More importantly, when Srisailam is below 841 feet, not a single drop flows through Pothireddipadu anyway, with or without the lift scheme. The lift adds capacity at higher water levels and captures what would otherwise be lost. It costs nothing when the water is not there. It delivers everything when the water is.
To call this an impractical scheme is to misunderstand or deliberately misrepresent what it was designed to do.
The Almatti silence, the Upper Bhadra silence, the Polavaram surrender
The Rayalaseema Lift is not the only water crisis the Chandrababu government is failing to address. It is simply the most visible.
Karnataka has been moving to raise the height of the Almatti dam on the Krishna river upstream. Each foot added to Almatti reduces the water available downstream to Andhra Pradesh. The Chandrababu government has not formally opposed this move. It has not written letters. It has not raised objections at the appropriate water tribunals.
The Upper Bhadra project in Karnataka threatens the water flows into the Anantapur district. The Chandrababu government has ignored its impact no objections filed, no inter-state negotiations demanded, no protective legal action taken.
The Polavaram project the lifeline of north coastal Andhra and the tribal areas of the Godavari was reduced in height from 45.72 metres to 41 metres under the current political arrangement with the Centre, effectively converting it from a full-fledged irrigation reservoir into a barrage. A barrage stores no water. It diverts flow but cannot hold it against the river’s seasonal variability. The loss of irrigation potential from this single decision will be felt across decades and across millions of acres.

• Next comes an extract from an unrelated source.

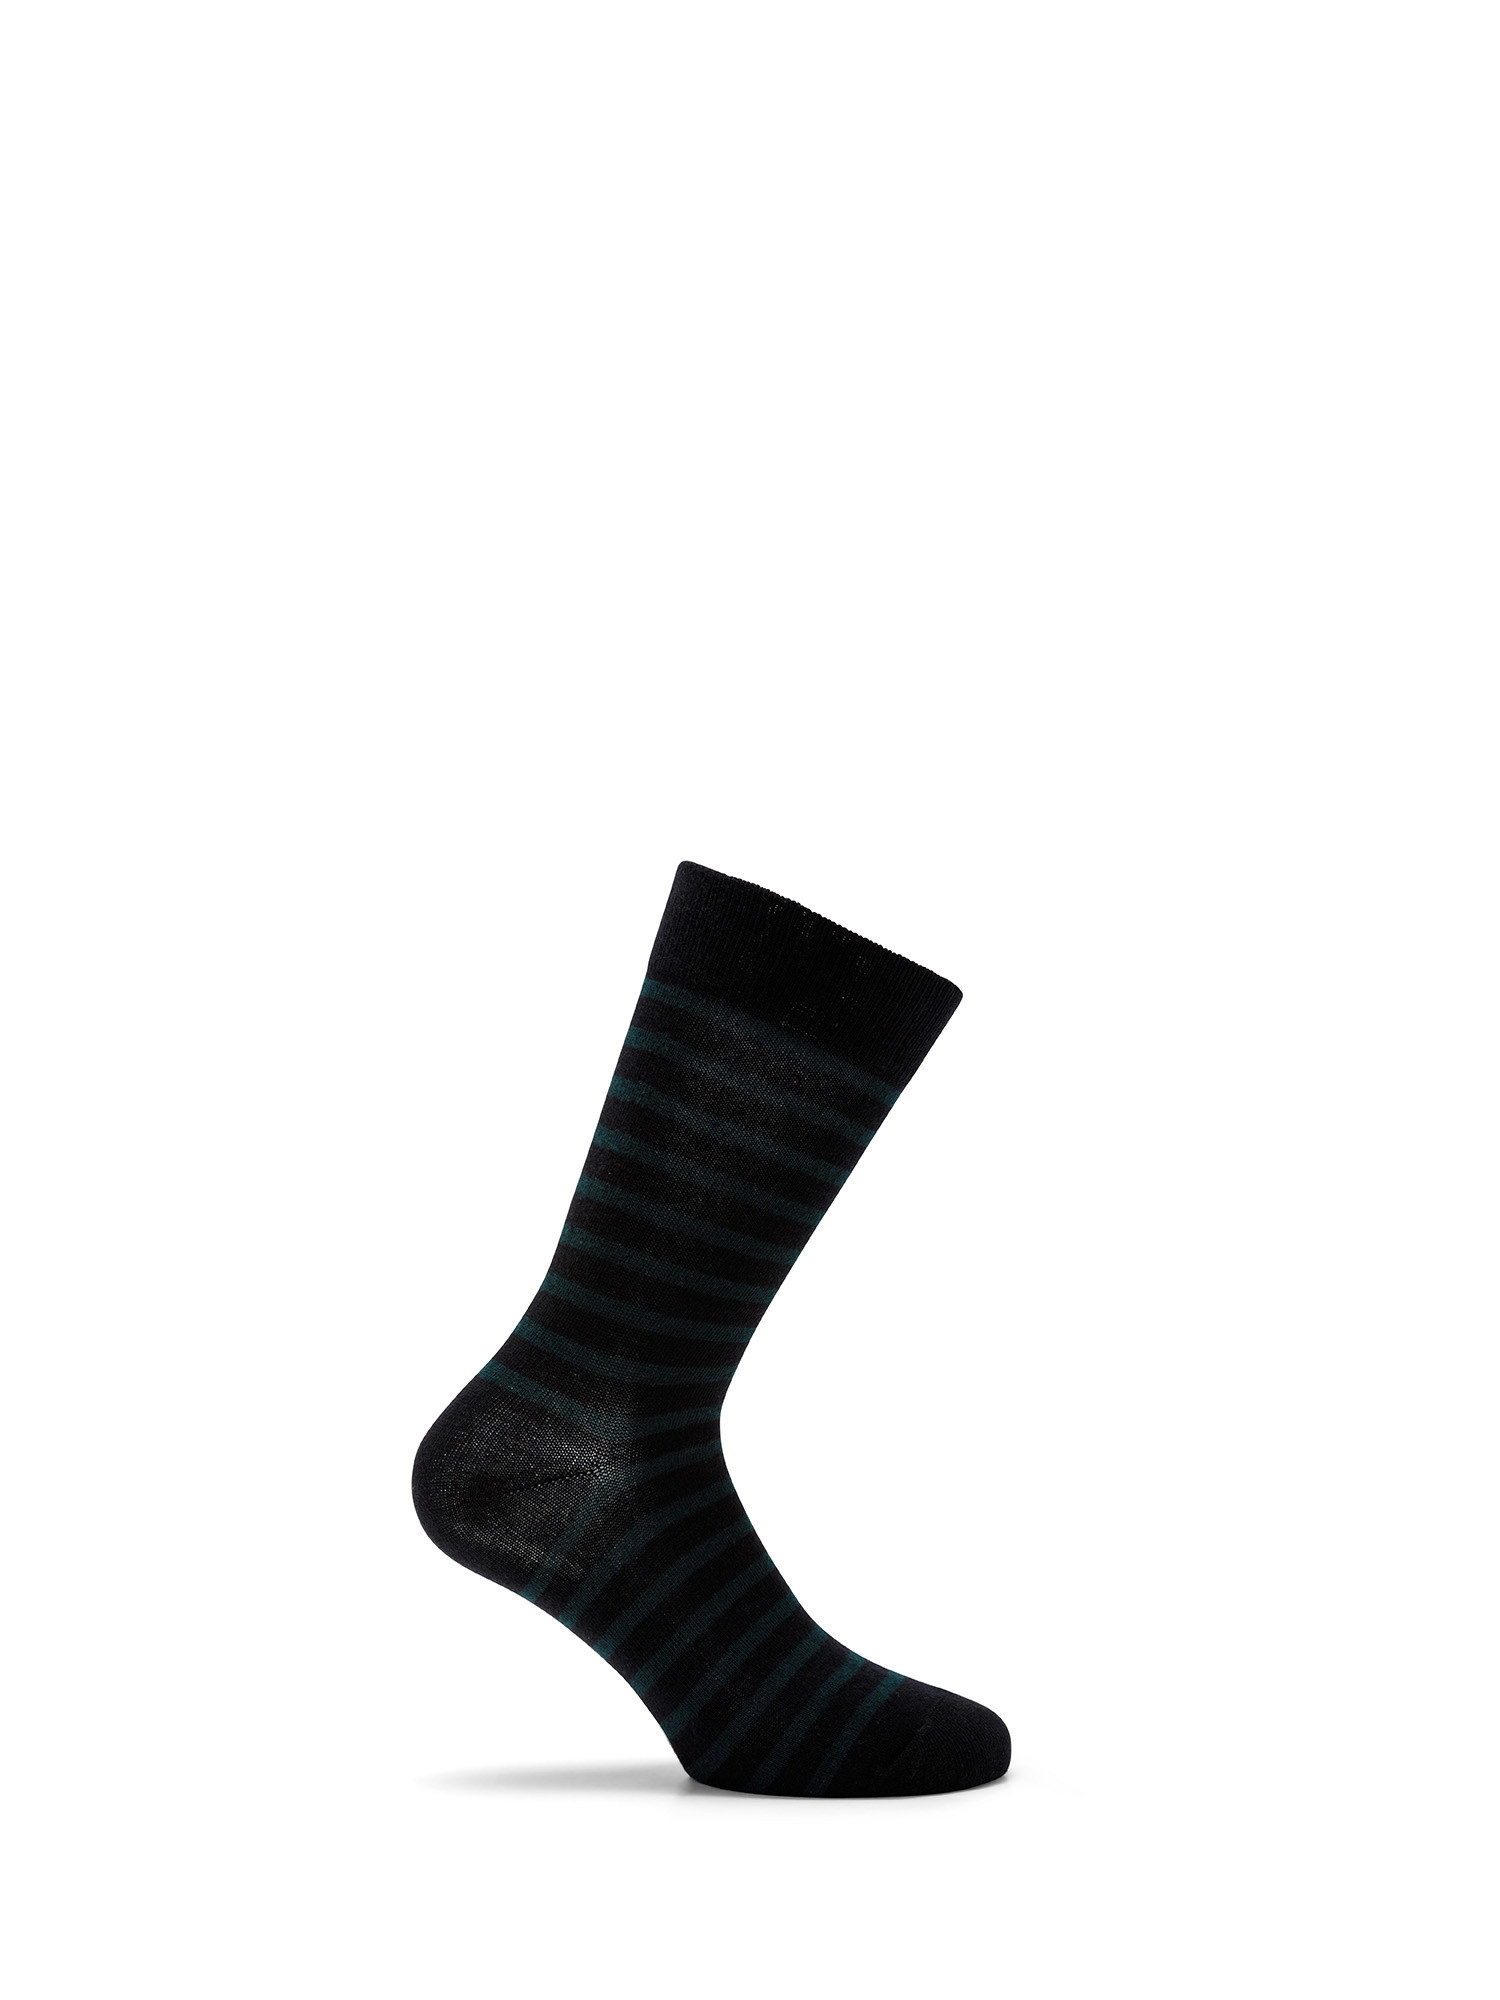 Luca D'Altieri - Set of 3 patterned short socks, Dark Blue, large image number 2

Three water crises. Three silences. One government.
The water does not wait
The monsoon does not care about electoral cycles. The Krishna river does not pause for political arrangements between chief ministers. Every flood season that passes without the Rayalaseema Lift operational is a season of water lost permanently drawn away by Telangana’s power stations, drained through Prakasam Barrage, swallowed by the Bay of Bengal.
Rayalaseema’s farmers cannot wait another five years. The crops they are not growing now are not simply delayed but they are cancelled. The families leaving for cities because their land cannot be irrigated are not on holiday they are displaced permanently. The water that flows past this season cannot be recalled next season.

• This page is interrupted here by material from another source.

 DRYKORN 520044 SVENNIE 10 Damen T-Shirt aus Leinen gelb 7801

The scheme exists. The contracts were signed. Rs 795 crore of work is complete. The upgraded regulators are built. The expanded canal capacity is ready. The only thing missing is a government that wants to turn it on.

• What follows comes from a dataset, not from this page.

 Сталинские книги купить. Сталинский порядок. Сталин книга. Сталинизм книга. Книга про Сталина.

Instead, Rayalaseema has a government that privately promised a rival state’s chief minister that it would not turn it on. A government that sends officials to environmental committee meetings to say nothing. A government that watches Telangana defy NGT orders, absorb a Rs 920 crore fine, and continue building and does not raise a voice.
The people of Rayalaseema have heard the word soon in every language that Telugu politics offers. They have heard it from every party, at every election, in every promise. They have learned, painfully, that soon in the language of irrigation policy means never unless someone fights for it every single day, in every committee room, in every court, in every inter-state negotiation, against every arrangement that trades their water for someone else’s political survival.
The Rayalaseema Lift Irrigation Scheme is not a YSRCP project. It is Rayalaseema’s water and every day it stays switched off, it is being stolen not by an enemy, but by a government that was elected to protect it.